Single by Cage the Elephant

from the album Cage the Elephant
- Released: February 2, 2009 (UK) July 28, 2009 (US)
- Recorded: 2008
- Genre: Rock
- Length: 3:45
- Label: Relentless (UK) Jive/RED (US)
- Songwriter: Cage the Elephant
- Producer: Jay Joyce

Cage the Elephant singles chronology
| "Ain't No Rest for the Wicked" (2008) | "Back Against the Wall" (2009) | "Shake Me Down" (2010) |

= Back Against the Wall (song) =

"Back Against the Wall" is a song by the American rock band Cage the Elephant. It was released as the fourth single from the band's 2008 first album, Cage the Elephant. In the issue dated March 6, 2010, the single topped the Billboard Alternative Songs chart, becoming the band's first number 1 single.

==Release and reception==
Cage the Elephant re-recorded "Back Against the Wall" from their debut album for the release of the single.
Released in February 2009 in the United Kingdom, the single's B-sides include the acoustic track "Cover Me Again", a cover version of MGMT's "Kids" recorded for Radio 1's Live Lounge, and a cover version of Pavement's "False Skorpion", a B-side to their 1995 "Rattled by la Rush" single. On iTunes, an exclusive cover of Iodine's Monkey Disease is available as the B-side.

The song peaked at number one on Billboard's Alternative Songs chart in March 2010.
It also reached number 12 on the Rock Songs chart, number 92 on the Canadian Hot 100,
and number 127 on the UK Singles Chart.
Robin Murray of Clash magazine described the song as a "raucous blast of grimy rock 'n' roll".
Aysha Hussain of This Is Fake DIY says that while the song "chugs along pleasantly enough", it sounds "a little contrived" and "finds itself too comfortable, in danger of being throwaway".
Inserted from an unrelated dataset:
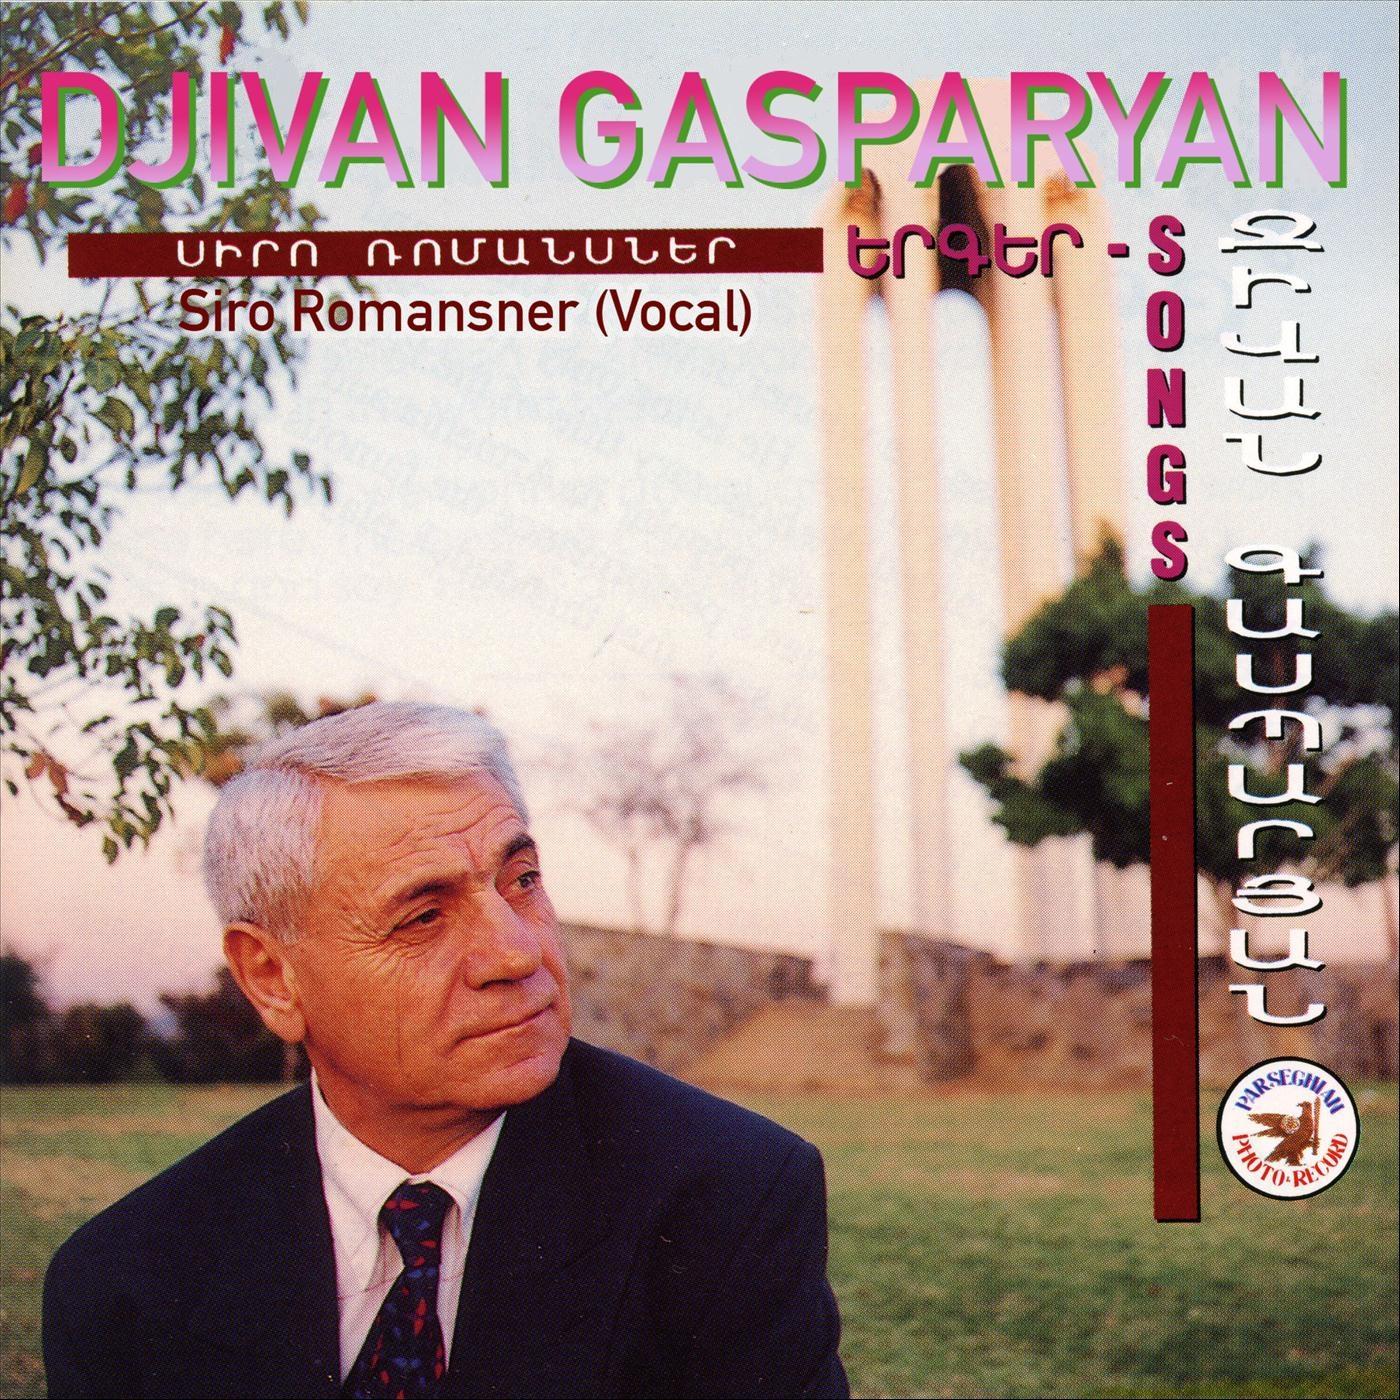 Djivan Gasparyan - Spitak Mazer

The song was featured in an episode of the television show "One Tree Hill" and "The Vampire Diaries".

==Music video==
In the song's music video, the band members wage war against some gnomes. The grandmother of the Shultz brothers had several gnomes in her yard, which used to 'creep out' Matt Shultz. The video was directed by Isaac Rentz and shot in Los Angeles, CA.

==Track listing==
- 7" Vinyl
1. "Back Against the Wall" (Cage the Elephant) – 3:46
2. "False Skorpion" (Malkmus) – 2:09

- Digital single, CD
3. "Back Against the Wall" (Cage the Elephant) – 3:46
4. "Cover Me Again" (Cage the Elephant) – 3:10
5. "Kids" (VanWyngarden, Goldwasser) (Radio 1 Lounge version) – 3:39
6. "False Skorpion" (Malkmus) – 2:09

- iTunes version
7. "Back Against the Wall" – 3:46
8. "Monkey Disease (Iodine cover) – 1:26

==Chart performance==
===Weekly charts===

| Chart (2009–2010) | Peak position |
|---|---|
| Canadian Hot 100 | 72 |
| UK Singles Chart | 127 |
| US Billboard Alternative Songs | 1 |
| US Billboard Mainstream Rock Tracks | 26 |
| US Billboard Rock Songs | 12 |

===Year-end charts===

| Chart (2010) | Position |
|---|---|
| US Hot Rock Songs (Billboard) | 32 |
| US Alternative Songs (Billboard) | 12 |

==Certifications==

| Region | Certification | Certified units/sales |
| United States (RIAA) | Platinum | 1,000,000^{‡} |
^{‡} Sales+streaming figures based on certification alone.